Culture & Behavior

Keller's Brand Equity model

Create a strong fire. Get to know your customers.

What makes a brand strong? And how do you make your brand stronger? Keller's Brand Equity Model can help you.

Culture & Behavior

The model is also called the "Customer-Based Brand Equity" (CBBE) model and was developed by Kevin Lane Keller, who is a marketing professor at Darthmouth College. The model was published in his textbook "Strategic Brand Management".

The idea behind the model is simple: to build a strong brand, you need to shape what those customers think and feel about your brand.

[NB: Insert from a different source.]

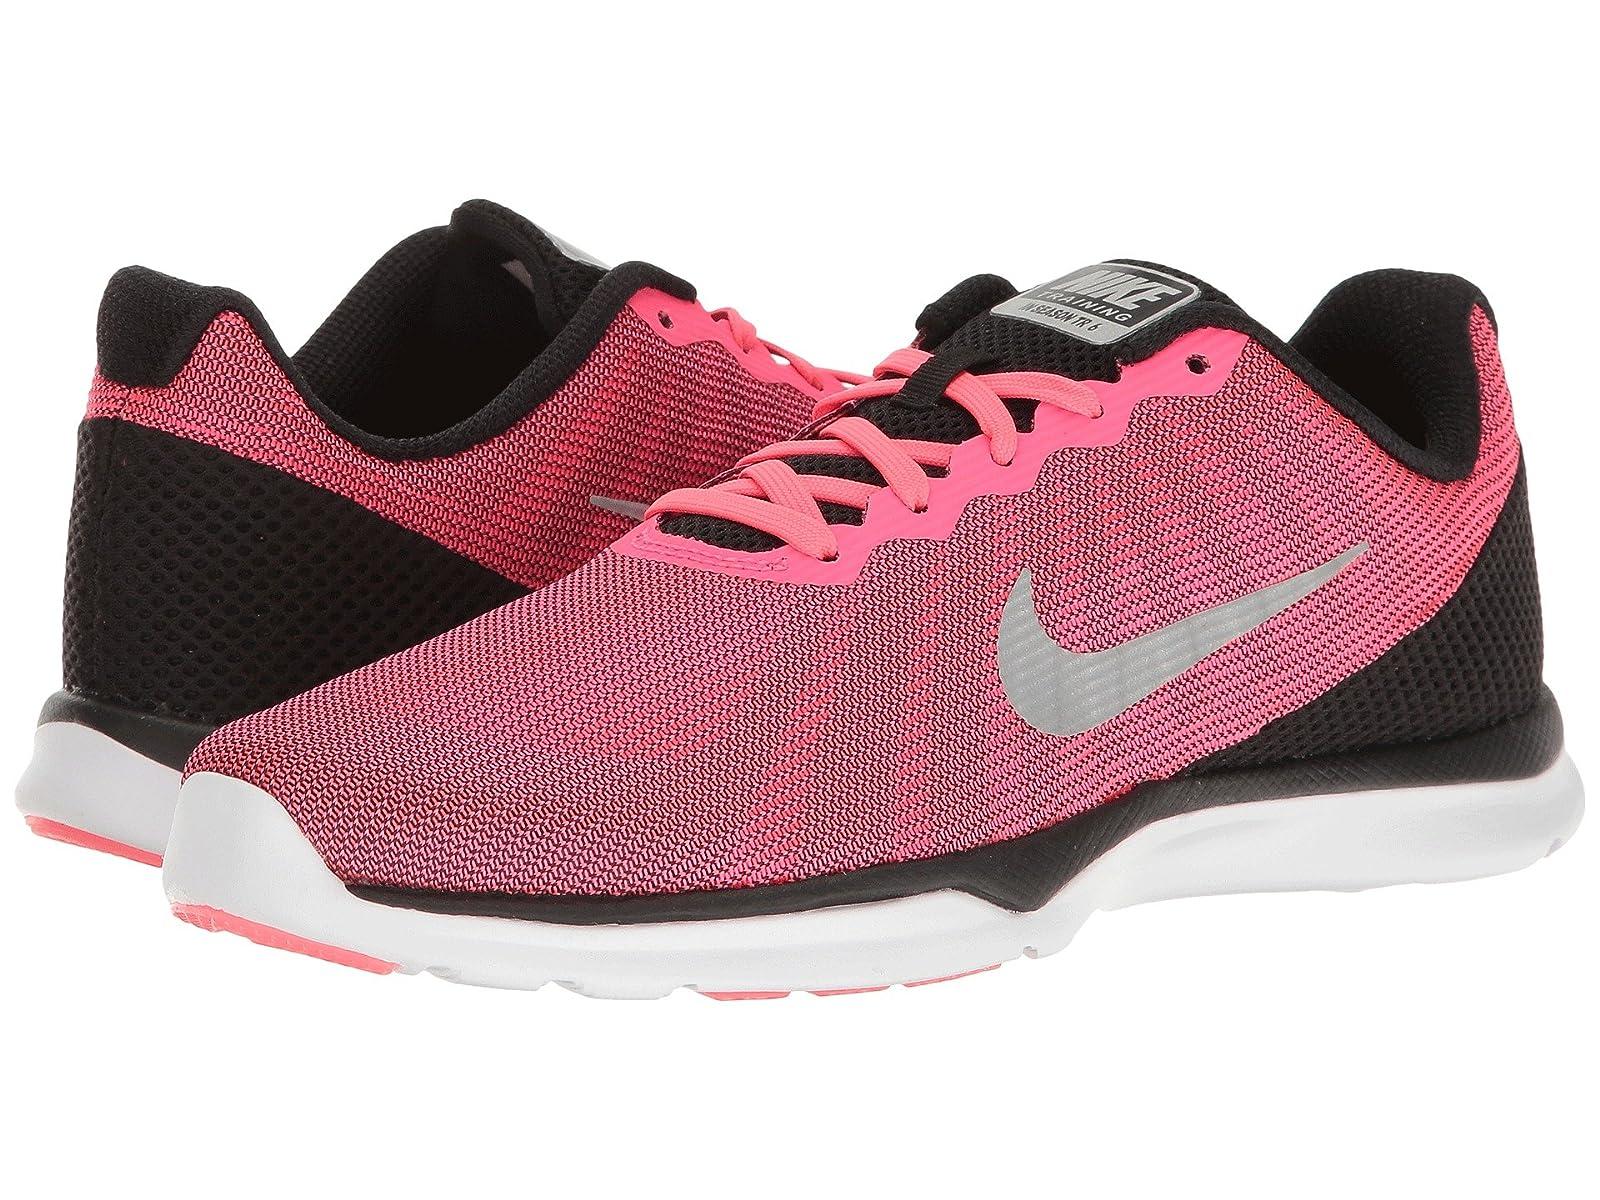 Nike In-Season TR 6 PrintCheap and distinctive eye-catching shoes

To do that, you need to create the right kind of experiences around your brand so that your customers have specific, positive thoughts, feelings, opinions and perceptions of your brand.

"Equity" can be translated as free value or equity and is therefore the value your brand has "in itself".

When you have strong "brand equity", your customers buy more from you, they recommend you to their friends, are more loyal and the risk of losing them to your competitors is smaller.

The model's four steps

The model consists of four steps:

  1. Identity: Who are you?
  2. Meaning: What are you
  3. Reaction: How about you?
  4. Relationships: What about you and me?

The four steps represent the four fundamental questions your customers (often unconsciously) ask about your brand.

Under each of these steps, you'll find six building blocks that must be present in order for you to develop a successful brand.

The six building blocks

Step 1: Visibility
Step 2: Performance and Imagery
Step 3: Judgment and feelings
Step 4: Resonance

Application of the model

Let's look at each step and find out how you can use the model to strengthen your brand.

Step 1: Brand identity: Who are you?

In this first step, it is about creating "brand visibility” – or knowledge of your brand. In other words, you must ensure that your brand stands out and that your customers recognize and are aware of it.

In order to build brand identity, you need to know who your customers are and what their needs are. You can do this by e.g. to identify your customer segments and develop customer personas.

You must then consider which decision-making processes your customers have when they buy your product. What can your brand do to make itself known at the various stages of the customer's decision-making process?

Step 2: Meaning: What are you?

The goal of this step is to identify what your brand means and what it stands for. To find out, you need to examine what Keller calls your product's "performance" and "imagery."

Performance defines how well your product solves your customer's needs. Here you must e.g. look at five categories:

  • Primary characteristics and features
  • Product reliability, durability and usability
  • Your service's efficiency, enterprise level and level of empathy
  • Style and design
  • Price

Imagery identifies how well your product solves your customer's needs on a social and psychological level. The brand can either solve these needs directly through interaction with the product or indirectly with targeted marketing or "word of mouth" marketing.

The experiences your customers have with your brand are a direct result of how your product performs. Therefore, the product must meet, and preferably exceed, customer expectations if you want to build loyalty.

Step 3: Reaction: what do I think or feel about you?

According to Keller's model, your customers' reactions to your brand fall into two categories: "judgments" and "emotions".

Keller identifies four different categories within which the customer's assessments falling:

  • Quality: Customers judge a product or brand on its actual and perceived value.
  • Credibility: Customers judge the credibility of the brand based on three dimensions: Expertise, credibility and "likeability"
  • Consideration: Customers assess how relevant your product is in relation to their needs.
  • Superiority: Customers rate how superior your brand is compared to your competitors' brands.

As I said, customers also react in relation to how your brand makes them feel. Your brand can evoke emotions directly, but can also affect your customers indirectly, by affecting how they feel about themselves.

Keller mentions six positive brand emotions: warmth, fun, excitement, safety, social recognition and self-respect.

First consider the questions below in relation to each of the four "assessments" described above.

  • What can you do to improve the actual and perceived quality of your product or brand?
  • How can you strengthen your brand's credibility?
  • How well does your marketing strategy communicate your brand's relevance to your customers' needs?
  • How does your brand compare to your competitors' brands?

Next, consider which of the above six emotions your brand is focusing on now. What can you do to reinforce these?

Step 4: Resonance: How much attachment do I want to have with you?

This is the fourth and most difficult step in the model, but also the most attractive. Do you achieve resonance your customers feel a strong psychological attachment to your brand.

Keller identifies four resonance types:

  1. Behavioral loyalty: Includes regular recurring purchases
  2. Behavioral association: Your customers love your brand or product and see it as a special purchase.
  3. Sense of community: Your customers feel they are part of a community, with the people associated with the brand, both in relation to other customers and representatives of the company.
  4. Active engagement: Customers are actively engaged with your brand even when they are not buying or using it.